仮にそれが、責任ある上場企業の経営者(笑)という立場から、拙速すぎるとしても、少なくともTOB提案に応じる前提で「前向きに」検討し、当事者同士の交渉をどんどん進めるという事は、最低限必要な態度でしょう。

しかし東洋電機製造の経営者がとった行動は、その全く逆でした。
とにかく「何が何でも逃れたい」ありきで、時間切れを含むあらゆる手段を用いて、対抗しようとするものでした。

何故そう断言できるかといえば、その根拠はごく最近(12月8日)になって両者から公表された、「質問状」と、その「回答」の中身からです。合計200ページにも及ぶ、それらのリリース資料を読みましたが、それは想像を絶する酷い内容です。

日本電産リリース:
http://www.nidec.co.jp/news/news.html
東洋電機リリース:
http://www.toyodenki.co.jp/html/ir_kessan.html
※量は膨大ですが、中身は読むに値しない内容なので、間違っても読まないで下さい。皆さんにとっても時間の無駄です。(笑)

要するに東洋電機製造からの質問状の内容は、株主が知りたい本質的な質問をするのではなく、常識的には書面では回答できないであろう質問をする事が目的化しており、イチャモンのような「枝葉末節」「本末転倒」のオンパレードです。そのような下らない質問を81項目にもわたり、延々と繰り広げるという文書でした。

またその中で、過去のあらゆる日本電産に関するネガティブな記事や、発言などを徹底的に調べあげ、それを質問状の中にちりばめるという熱の入れようです。
これらの点をもって、ものすごい「情熱」だと感心せずにはいられません。(笑)

「保身」に対してそれだけの情熱を注げるなら、経営者の責務が何なのかを「お勉強」し、彼らの言うところの「大切な株主様」に報いるには、どうすればよいかを考える事に少しでもその情熱を振り向けてもらいたいものです。

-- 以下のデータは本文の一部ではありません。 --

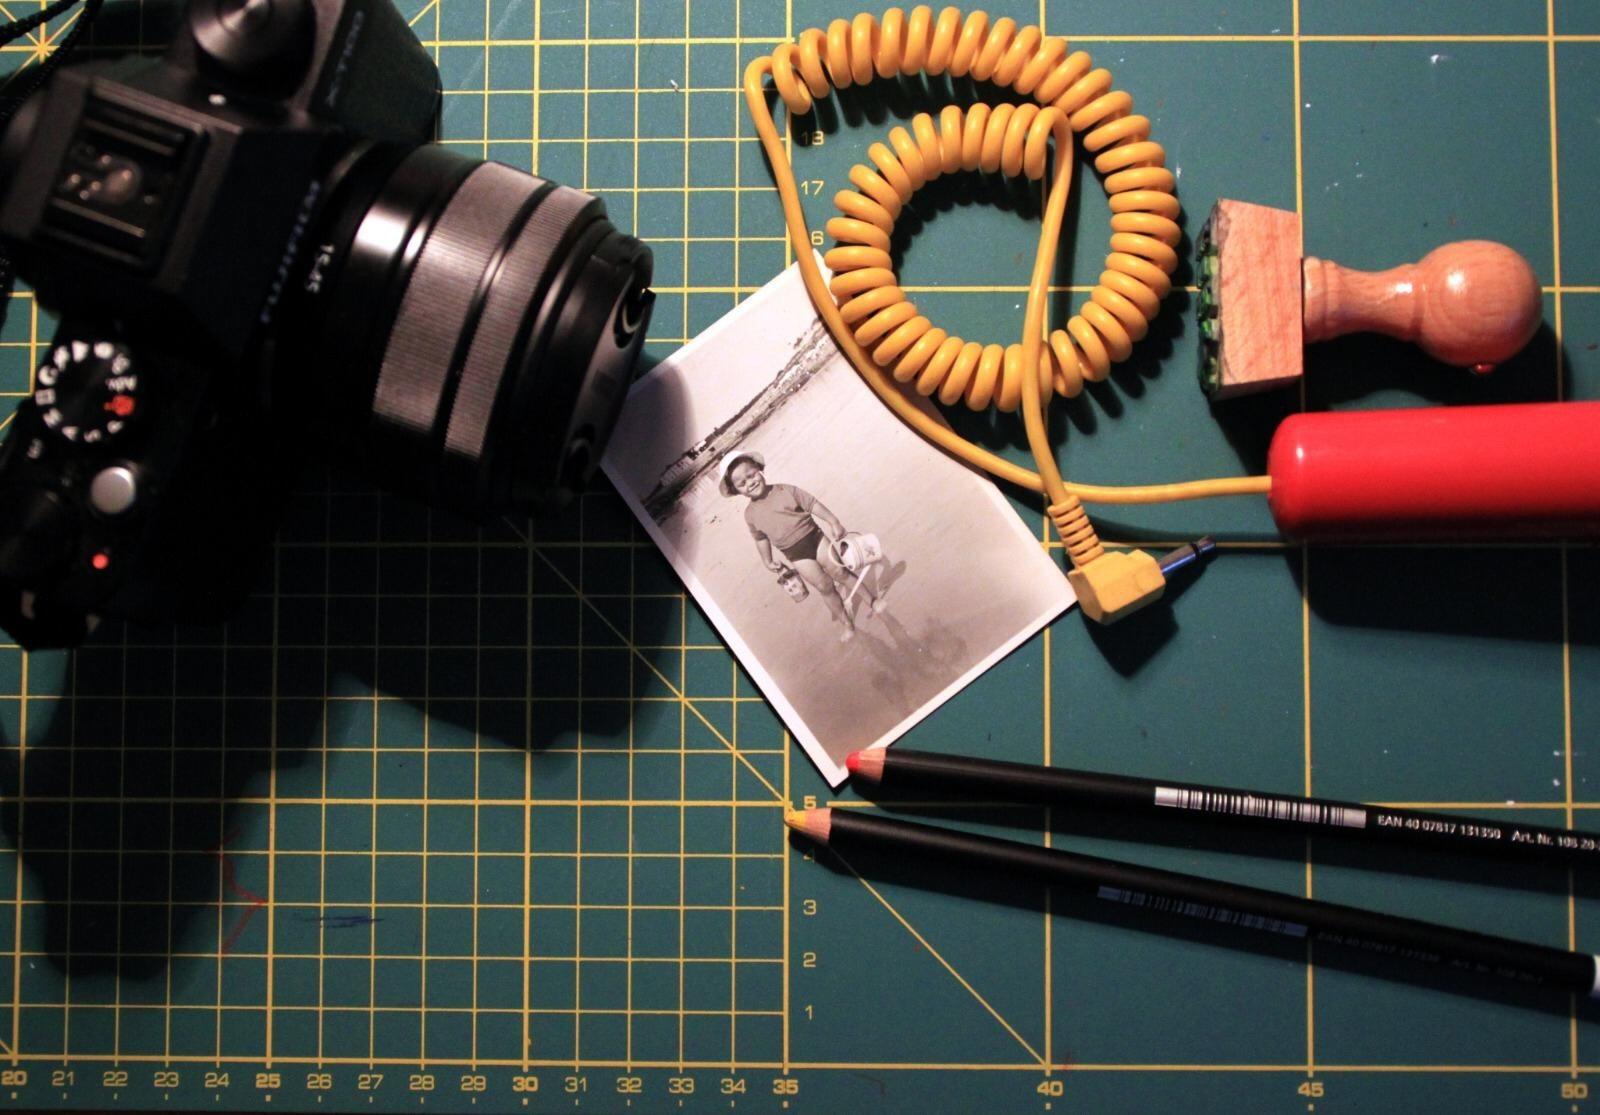 Fotografia com maquina fotografia, cabo de telefone, lápis e fotografia antiga.

3回にわたる質問状と回答のやり取りを端的に要約すると、以下のようになります。

・ 東洋電機製造側から、保身のためにTOBを拒否する事を目的として、確信的に意図された、答えられないであろう質問を含めて、延々と羅列する。
・ 日本電産として、可能な範囲でその質問に対して回答しようと、最大限の努力をするとともに、書面では伝えきれないニュアンスがあるため、実際に会って話をしましょうと呼びかける。
・ 回答された項目に対しては、さらに細かい内容を追加質問として繰り返し、回答できない質問に対しては同じ内容の質問を繰り返す。

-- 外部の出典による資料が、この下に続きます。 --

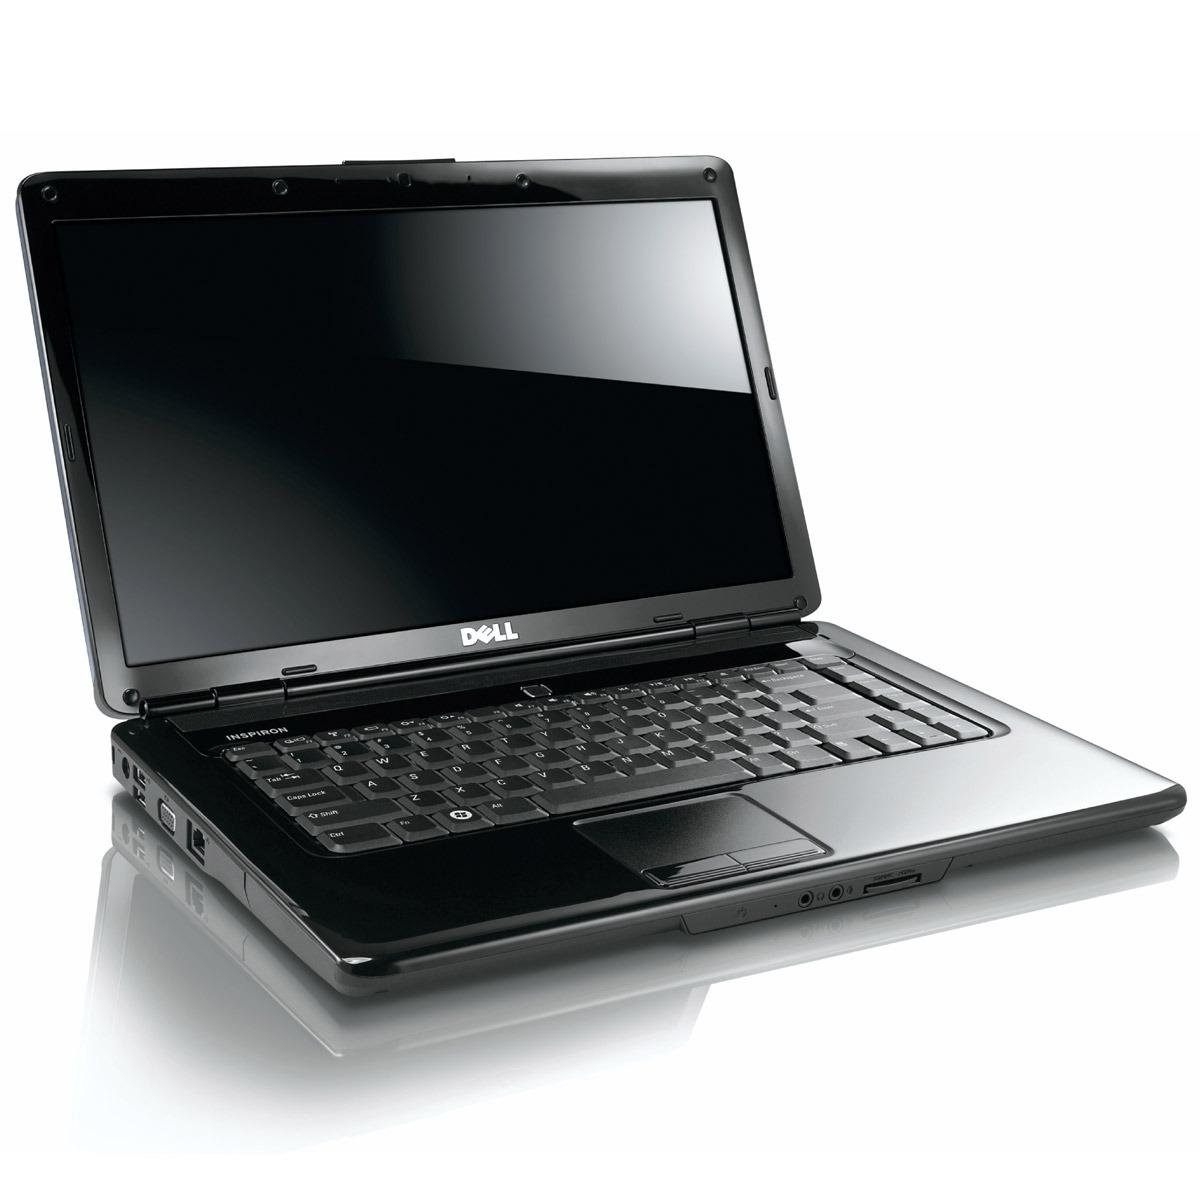 """PC portable Dell Inspiron 1545 Noir Dell Inspiron 1545 Noir - Intel Pentium Dual-Core T4500 4 Go 500 Go 15.6"""" LCD Graveur DVD Wi-Fi G Webcam Windows 7 Premium 64 bits"""

という、無駄な労力をかける事により(リソースの浪費により)、双方の株主価値を毀損するという事を繰り返した訳です。これ想像ですが、この短期間でのやり取りのボリュームを考えると、徹夜作業も含めた相当な労力がかかっているはずです。

少し余談になりますが、イメージ的にはこんな感じです(あくまで比喩です)。

例えばある男性が、一人の女性に交際を申し込むとします。で、そこでのやり取りとして、

男性:「僕とつきあってください。」
女性:「これから私がする質問に答えて下さい。それで判断します。」
       質問①「あなたの肺活量はいくつですか?」
男性:(手間をかけて肺活量を計測してきた後)「4000mlです、ハァッ、ハァ~。」
女性:「では追加質問です。」
       質問②「右肺だけだとどうなりますか?」
男性:「想像ですが大体半分の2000mlになると思います。」
女性:質問③「想像ではなく事実を聞いているのです。そうなる具体的根拠は?」
男性:「それあまり意味のない質問だと思いますし、実際計測不可能です。」
女性:「私の質問に答えていません。」

少し大袈裟かもしれませんが、僕自身はある程度これに近い印象を受けました。

この12月8日のリリースにより、これまでの両者のやり取りが全て明らかになったのですが、これにより今回のTOB提案の決裂可能性が、さらに明らかになったと言えるでしょう。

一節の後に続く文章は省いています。